__What to do__
Without any pictures, print the lines below from the one that has "ED by Ellen" through the one that has "Esszimmerstuhl Acade (2er-Set)", exactly and nothing else.

*** Provided entries Section Begins ***

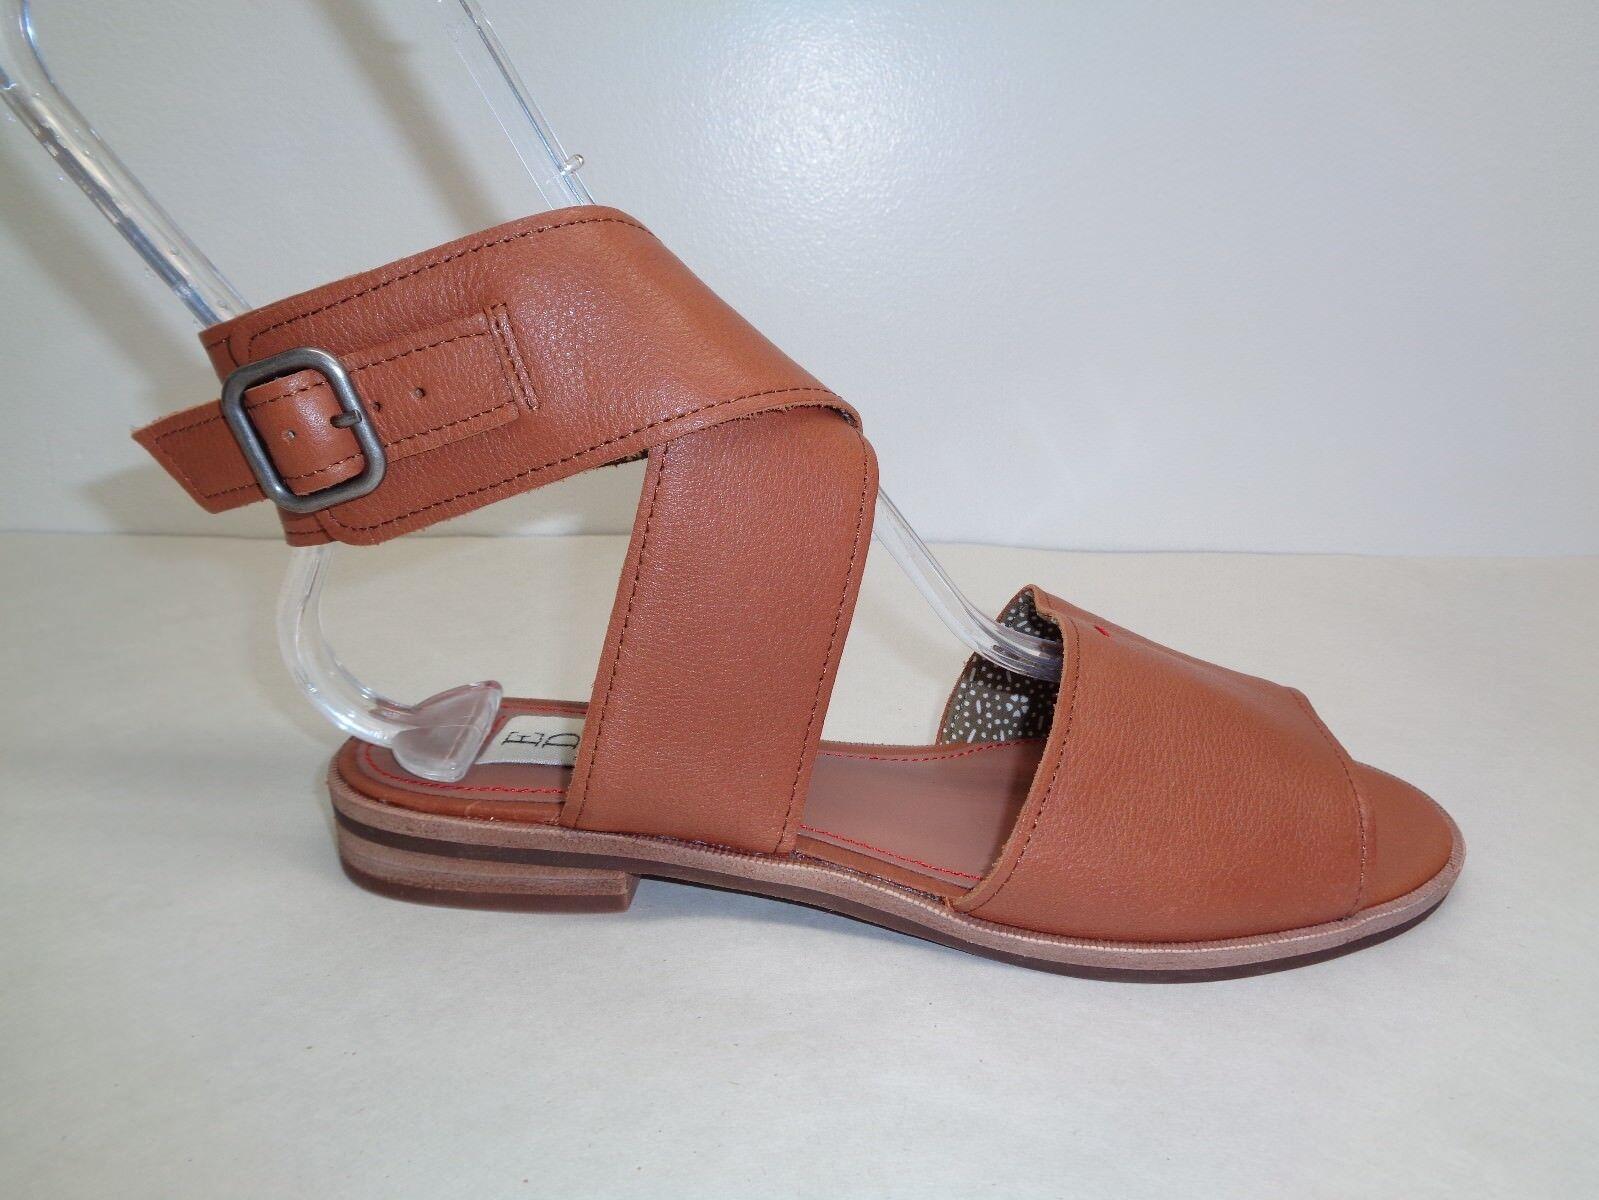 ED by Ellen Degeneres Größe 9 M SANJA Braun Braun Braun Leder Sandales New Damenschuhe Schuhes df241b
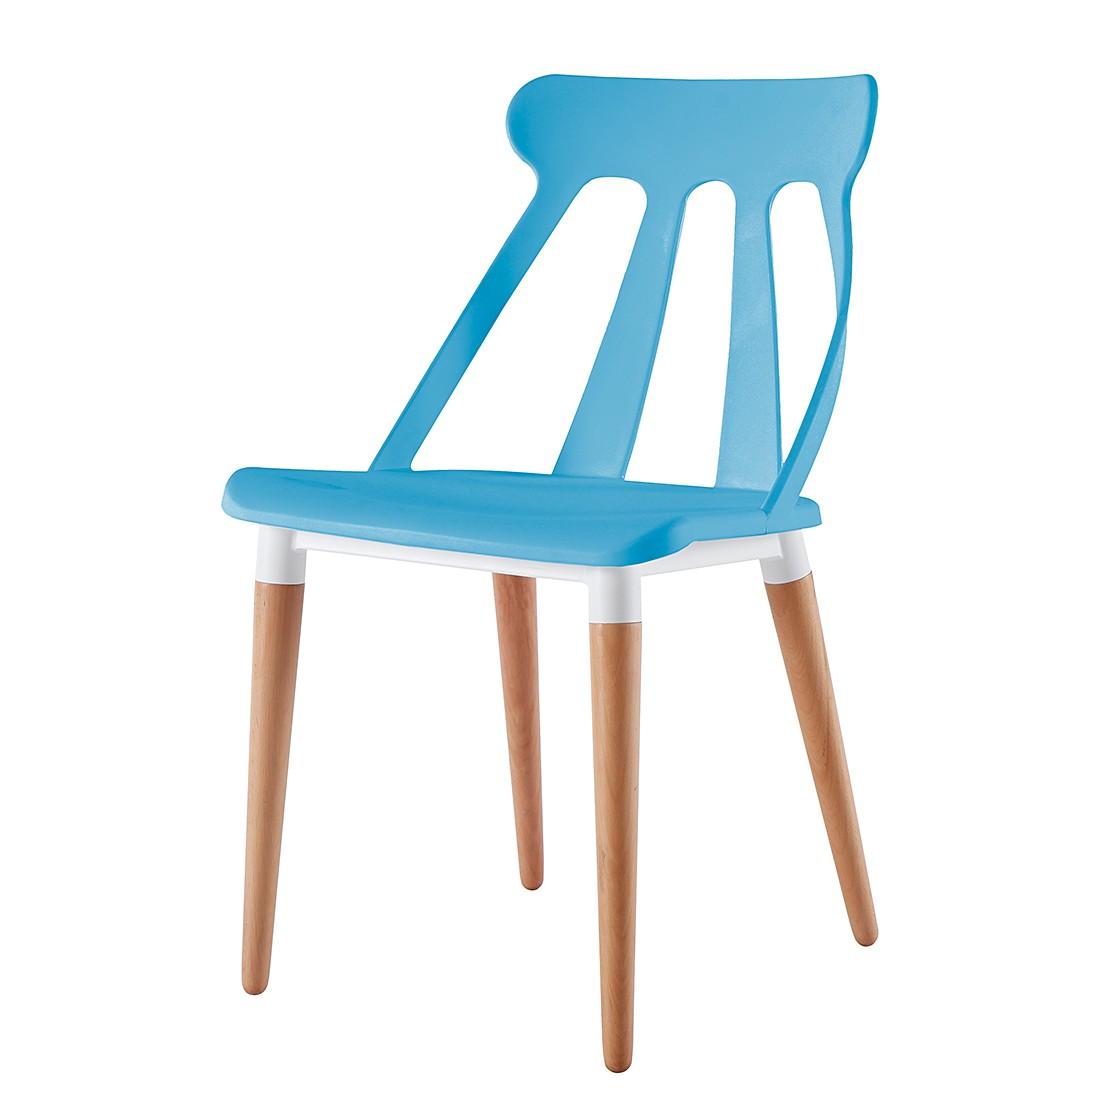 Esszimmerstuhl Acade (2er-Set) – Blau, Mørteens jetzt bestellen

*** Provided entries Section Ends ***
*** Provided entries Section Begins ***

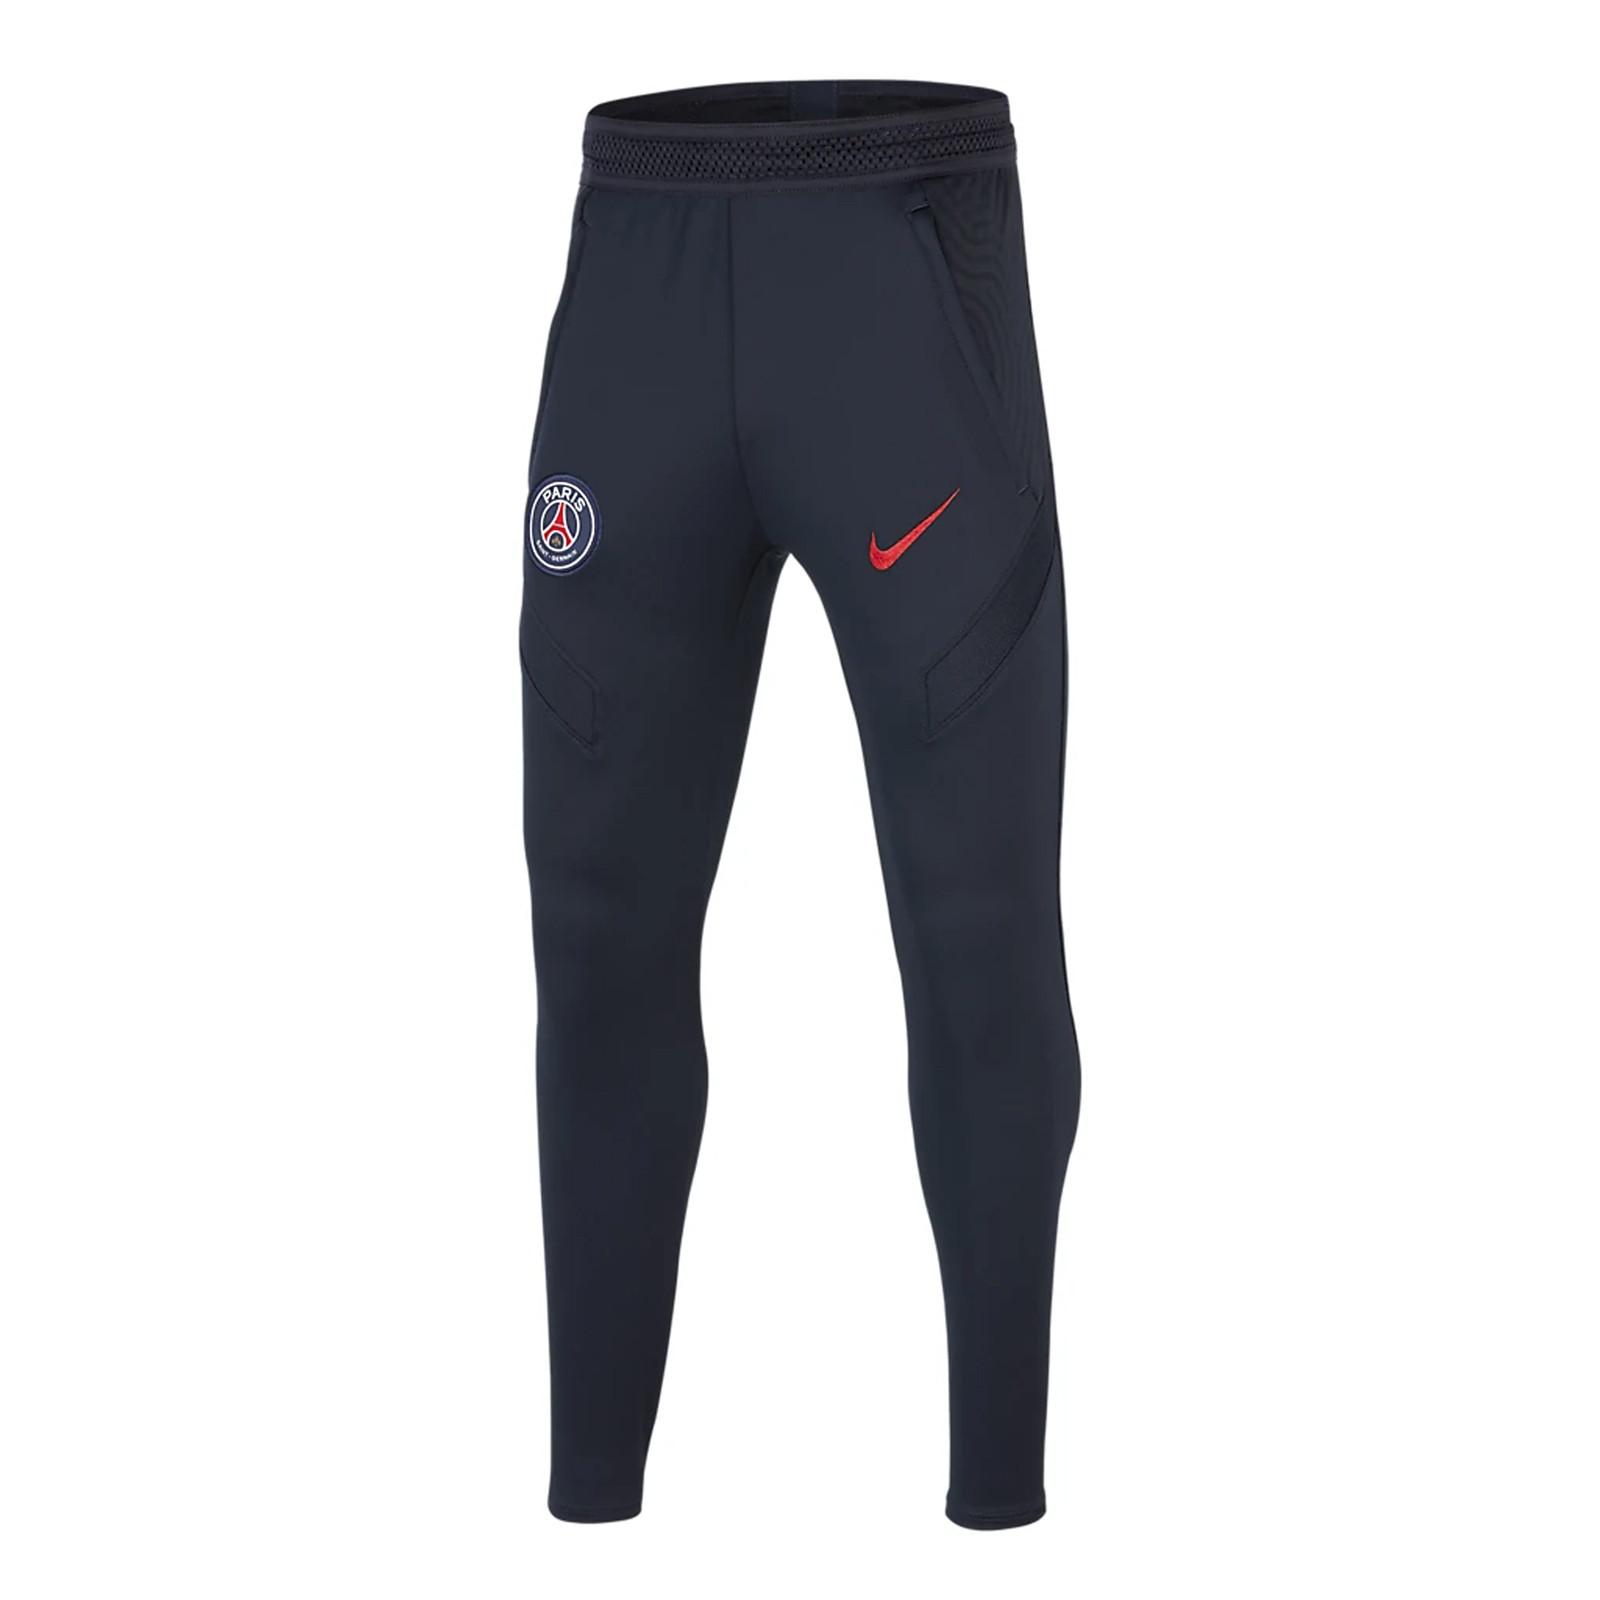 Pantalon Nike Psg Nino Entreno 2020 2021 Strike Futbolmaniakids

*** Provided entries Section Ends ***
*** Provided entries Section Begins ***

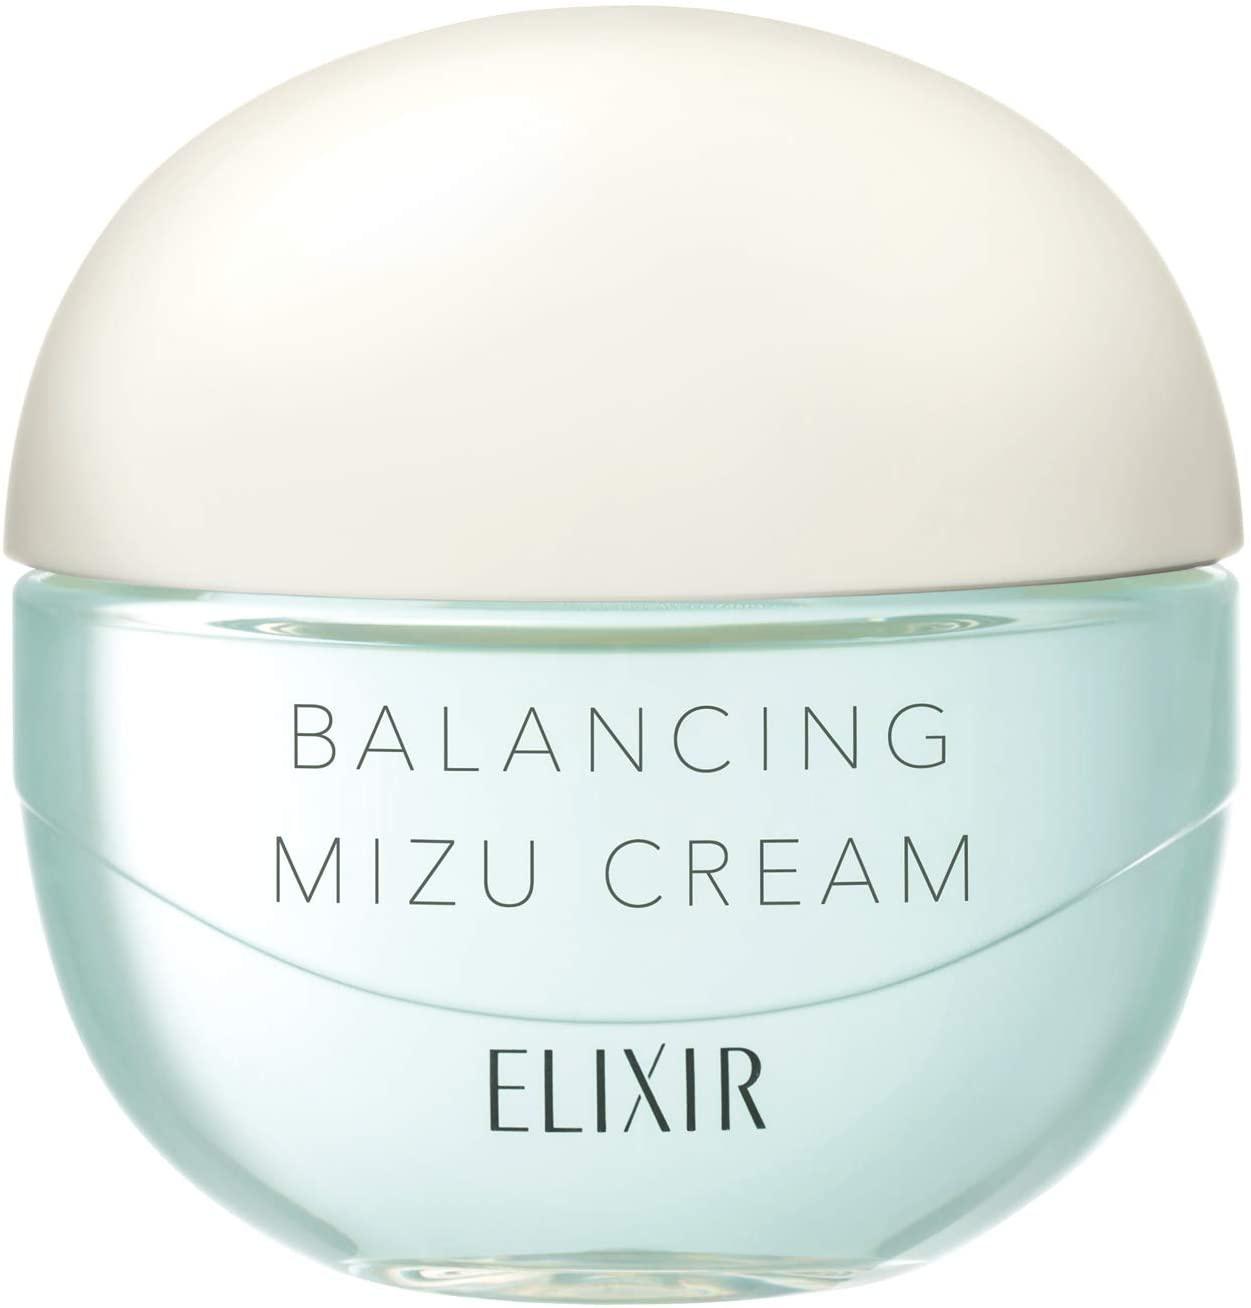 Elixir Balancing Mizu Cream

*** Provided entries Section Ends ***

__Response to this exercise__
 ED by Ellen Degeneres Größe 9 M SANJA Braun Braun Braun Leder Sandales New Damenschuhe Schuhes df241b
 Esszimmerstuhl Acade (2er-Set) – Blau, Mørteens jetzt bestellen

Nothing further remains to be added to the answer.